WORK TO COMPLETE
Without changing a thing, reproduce the entire listing and leave out its pictures.

DATA SEGMENT
════

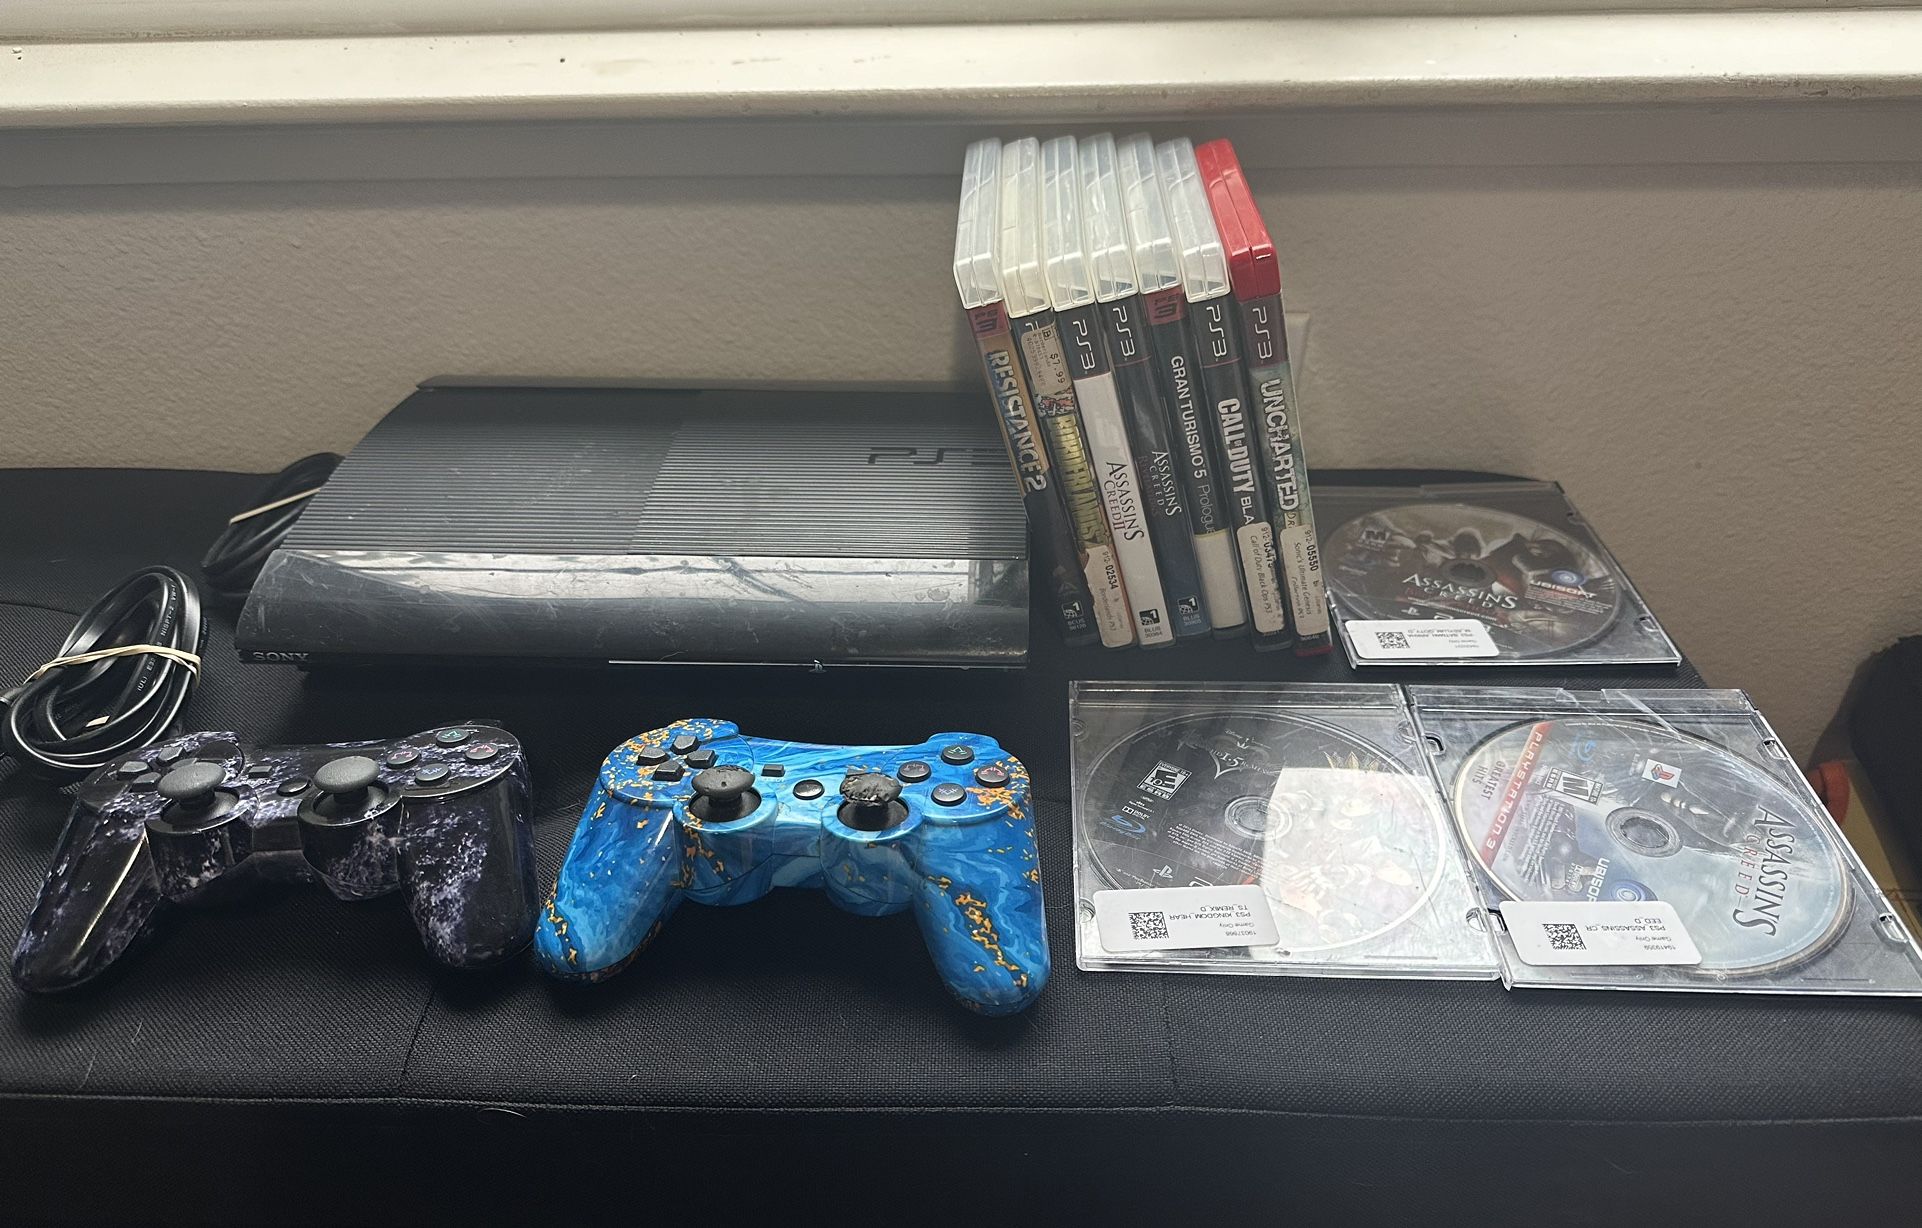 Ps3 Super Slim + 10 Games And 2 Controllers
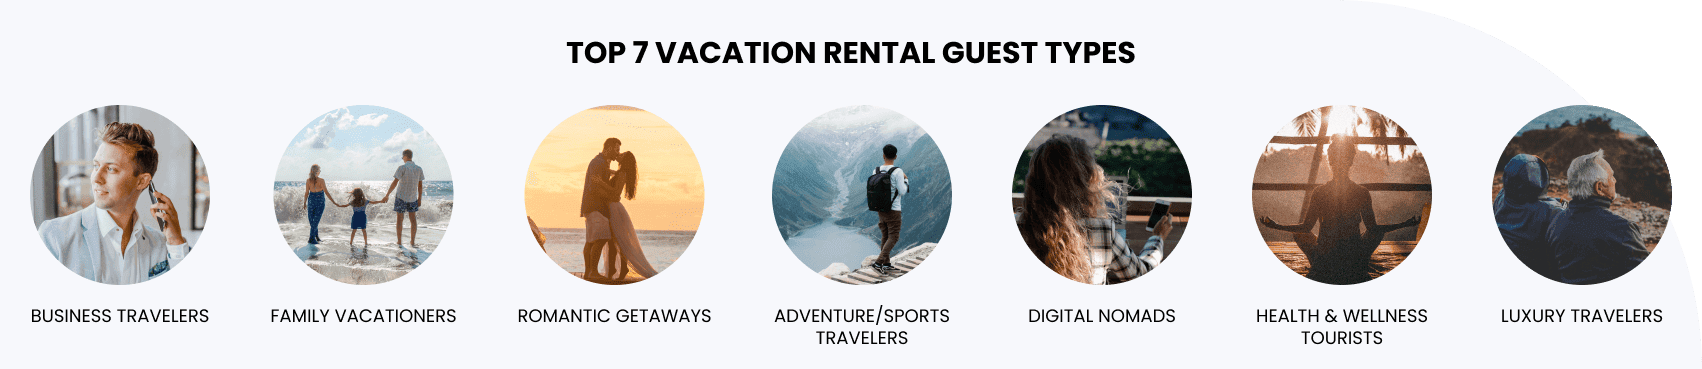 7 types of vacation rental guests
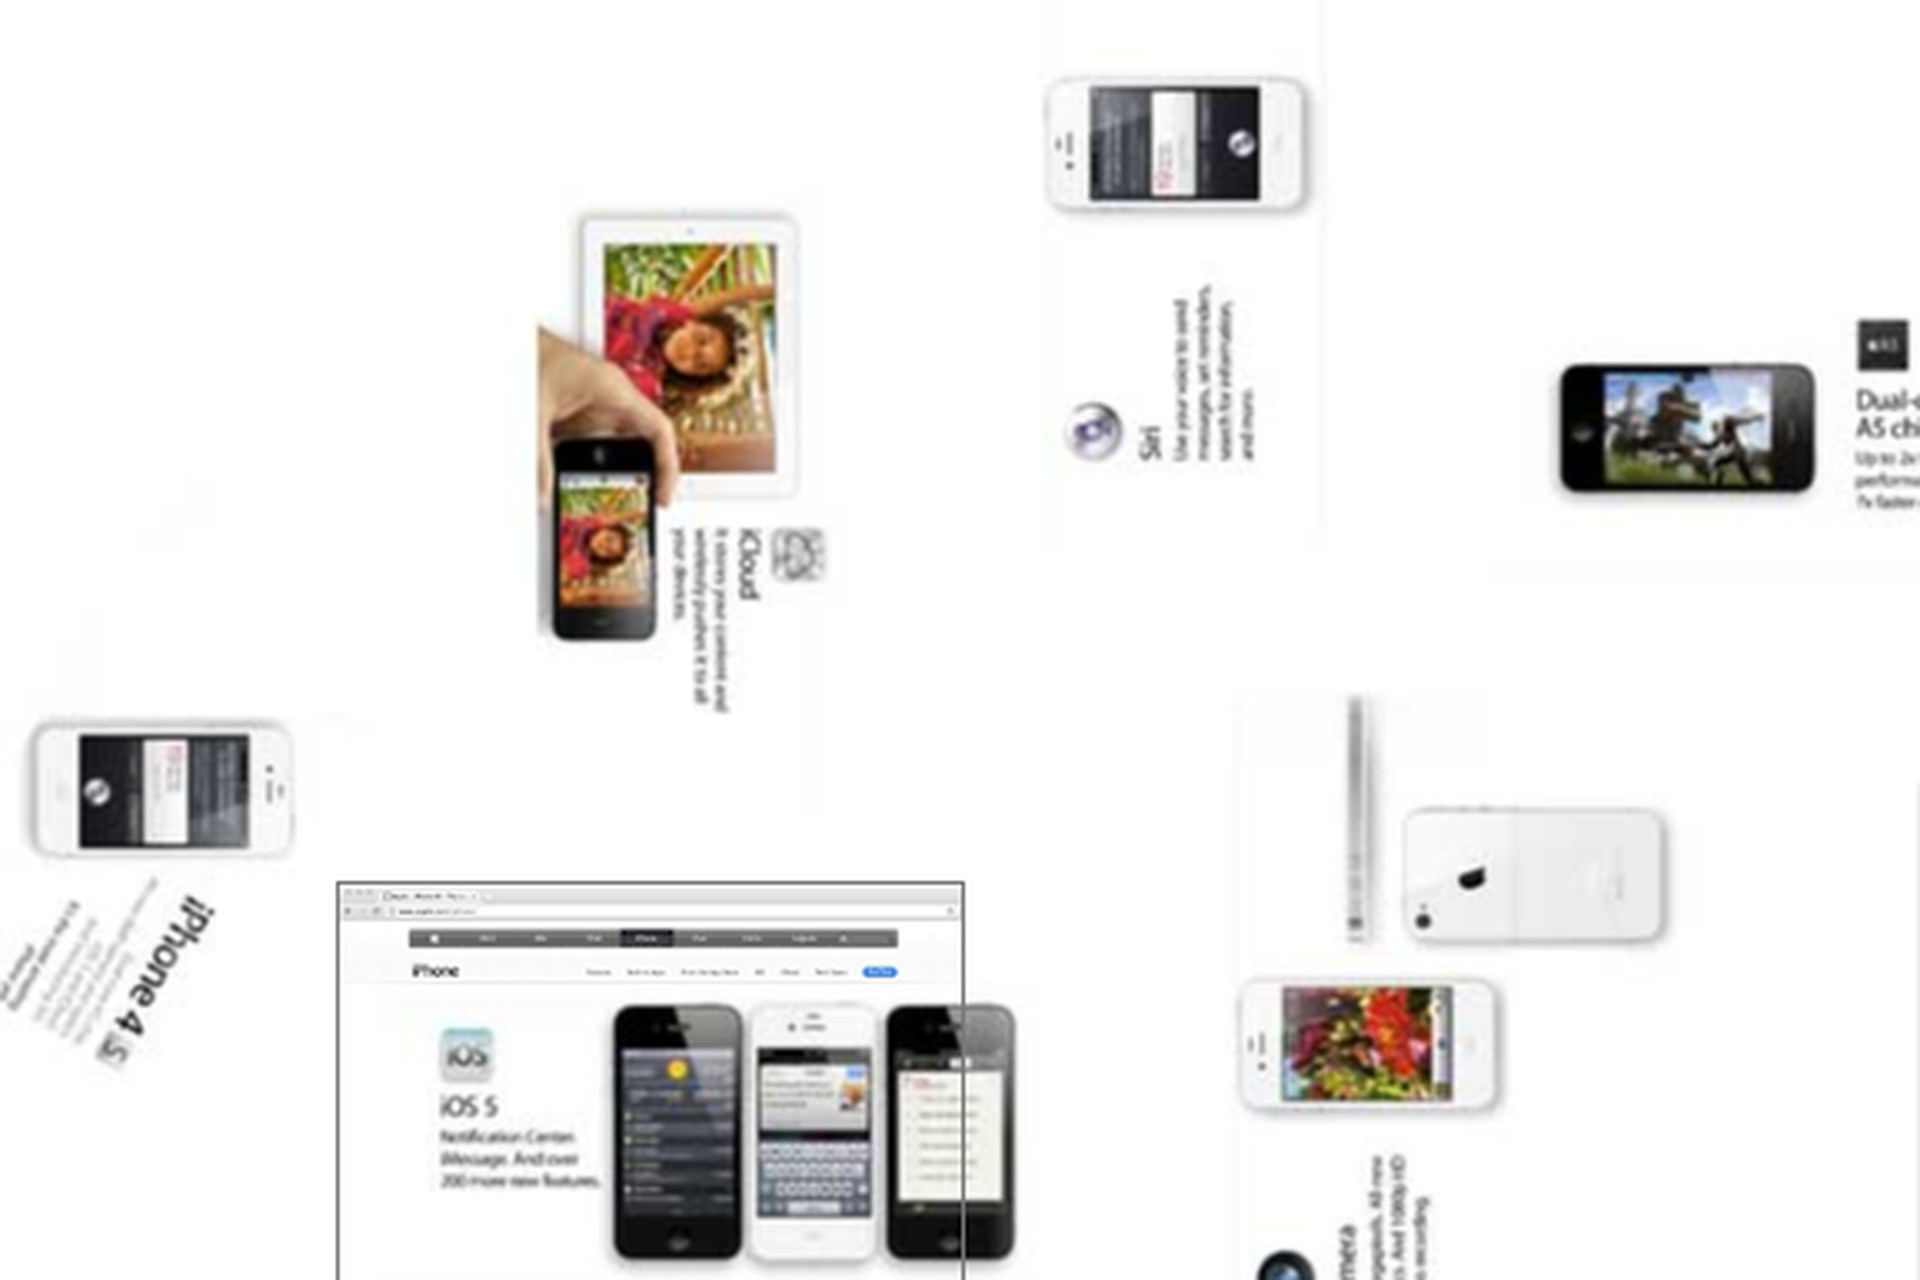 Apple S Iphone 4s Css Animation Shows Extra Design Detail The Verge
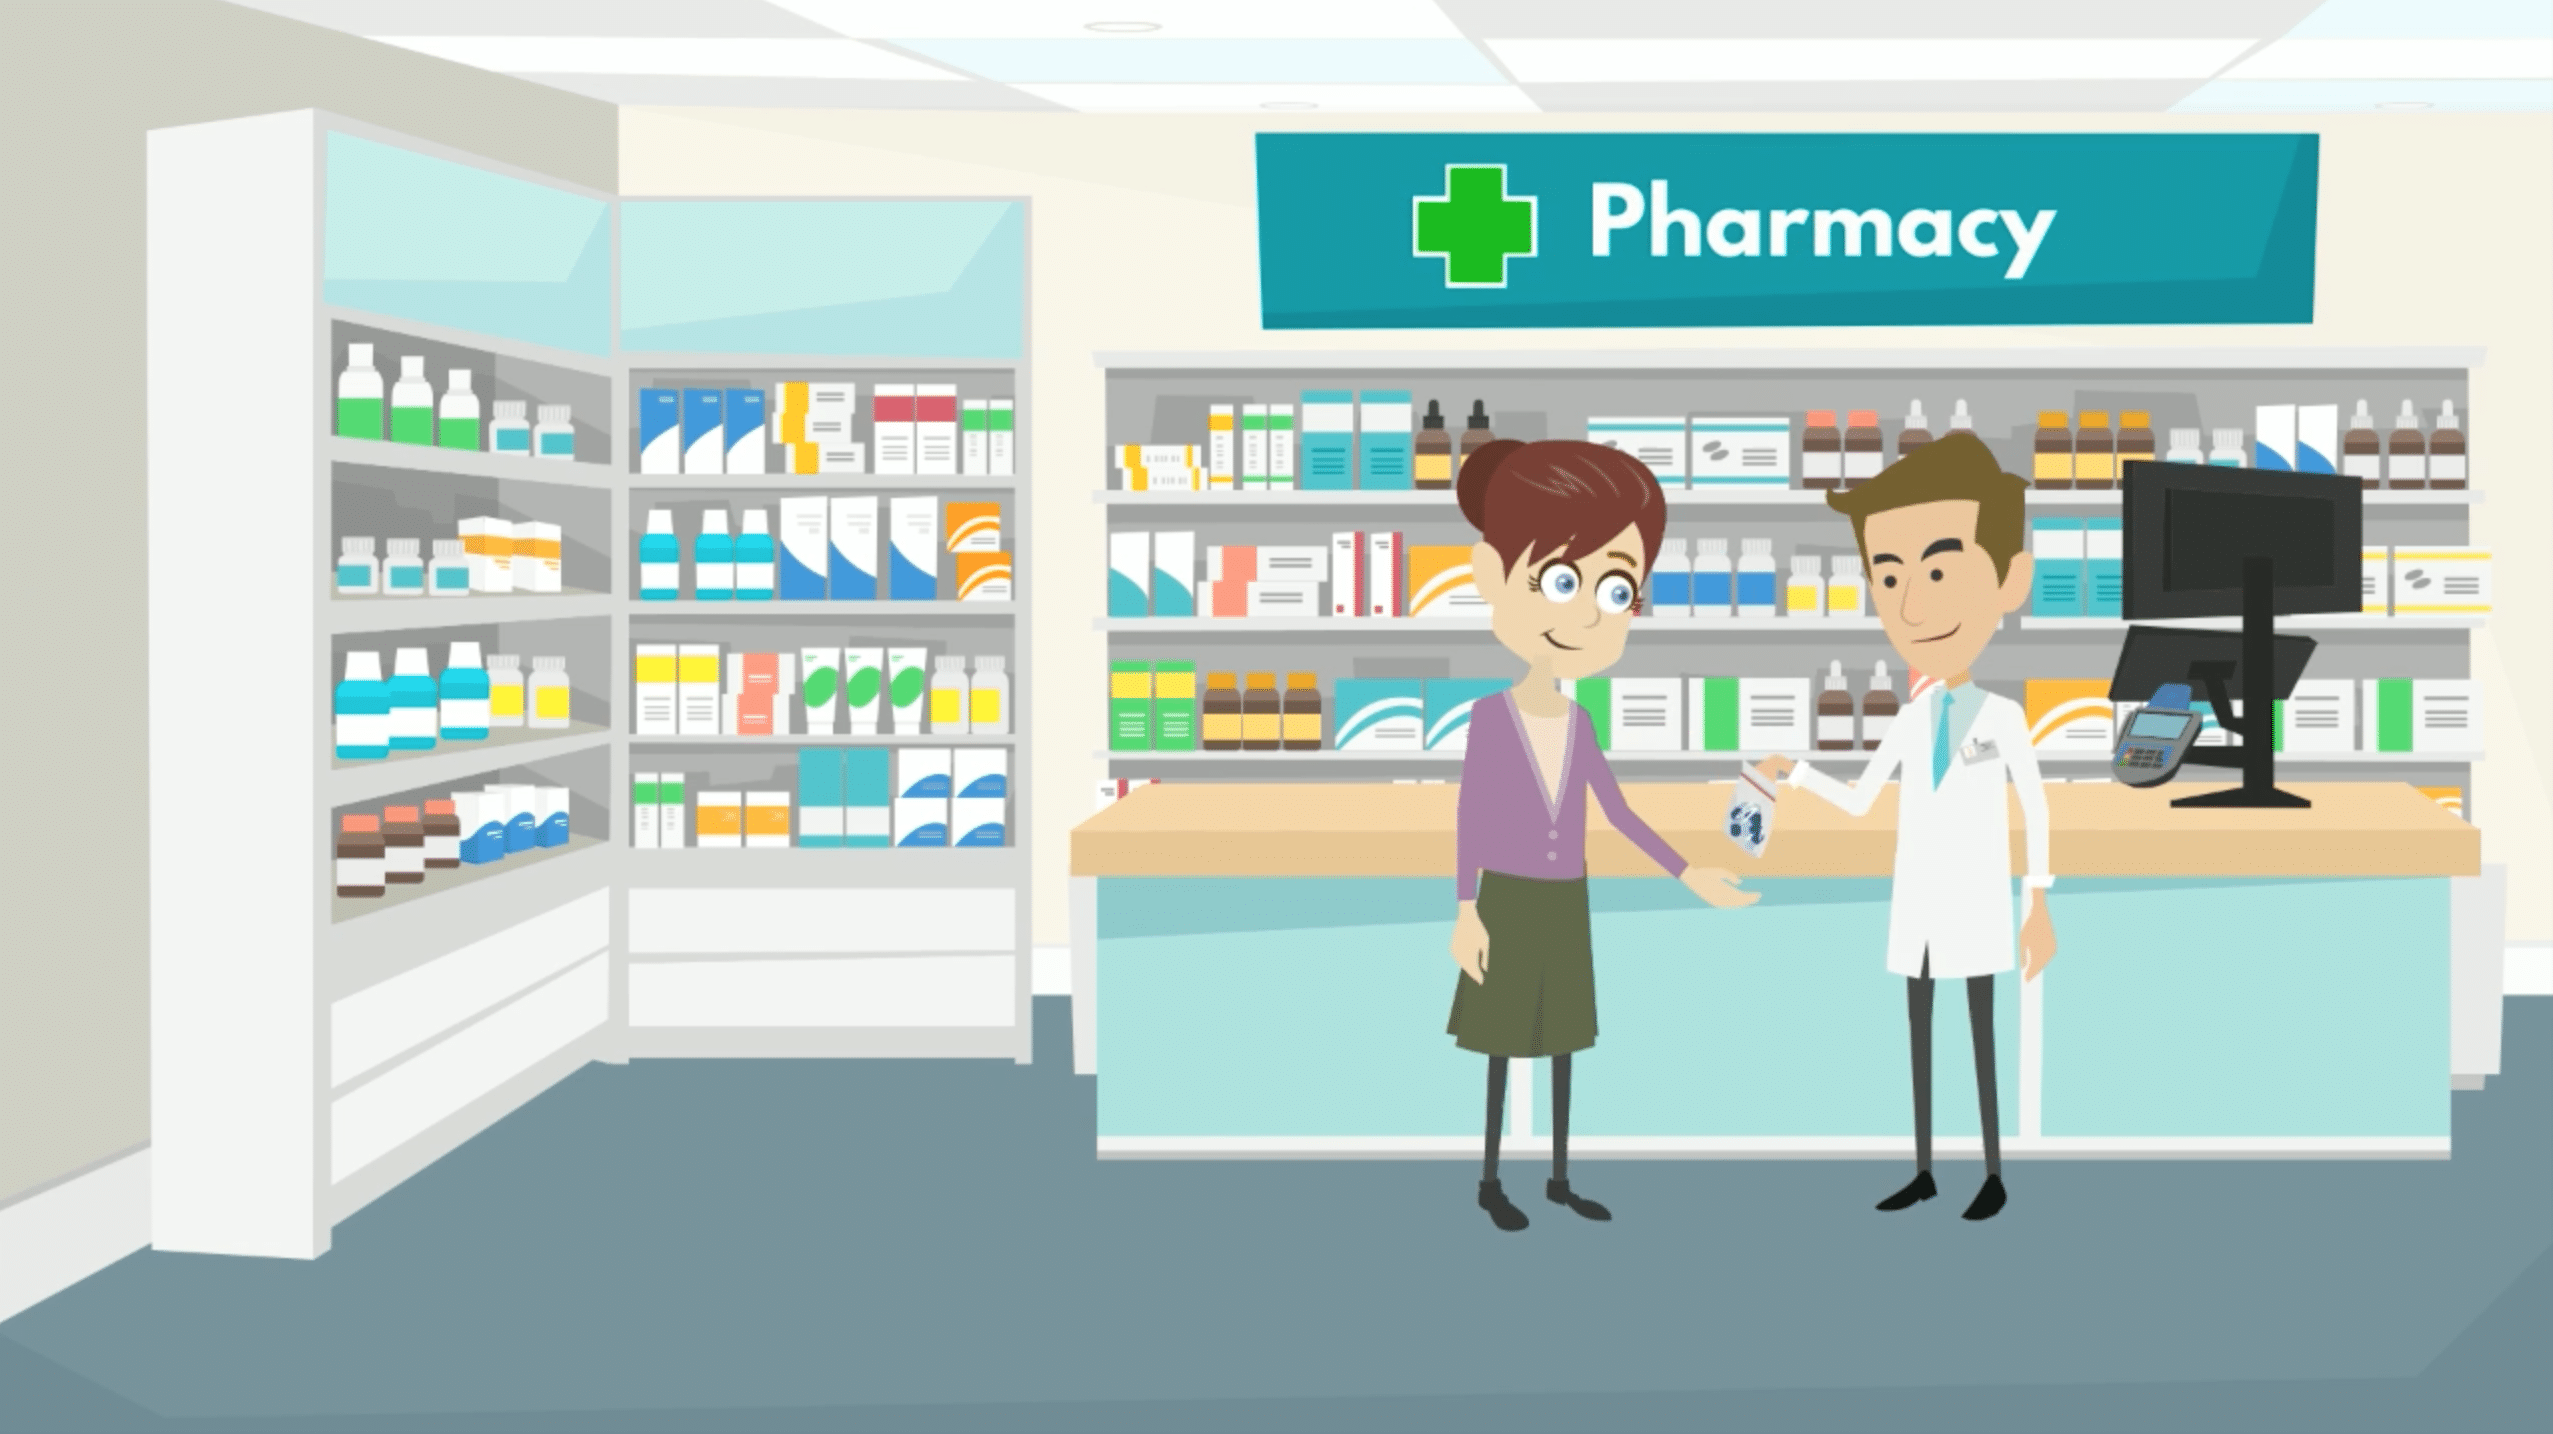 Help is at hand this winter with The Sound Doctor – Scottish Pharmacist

════

EXPECTED ANSWER
 Ps3 Super Slim + 10 Games And 2 Controllers
 7 types of vacation rental guests
 Apple S Iphone 4s Css Animation Shows Extra Design Detail The Verge
 Help is at hand this winter with The Sound Doctor – Scottish Pharmacist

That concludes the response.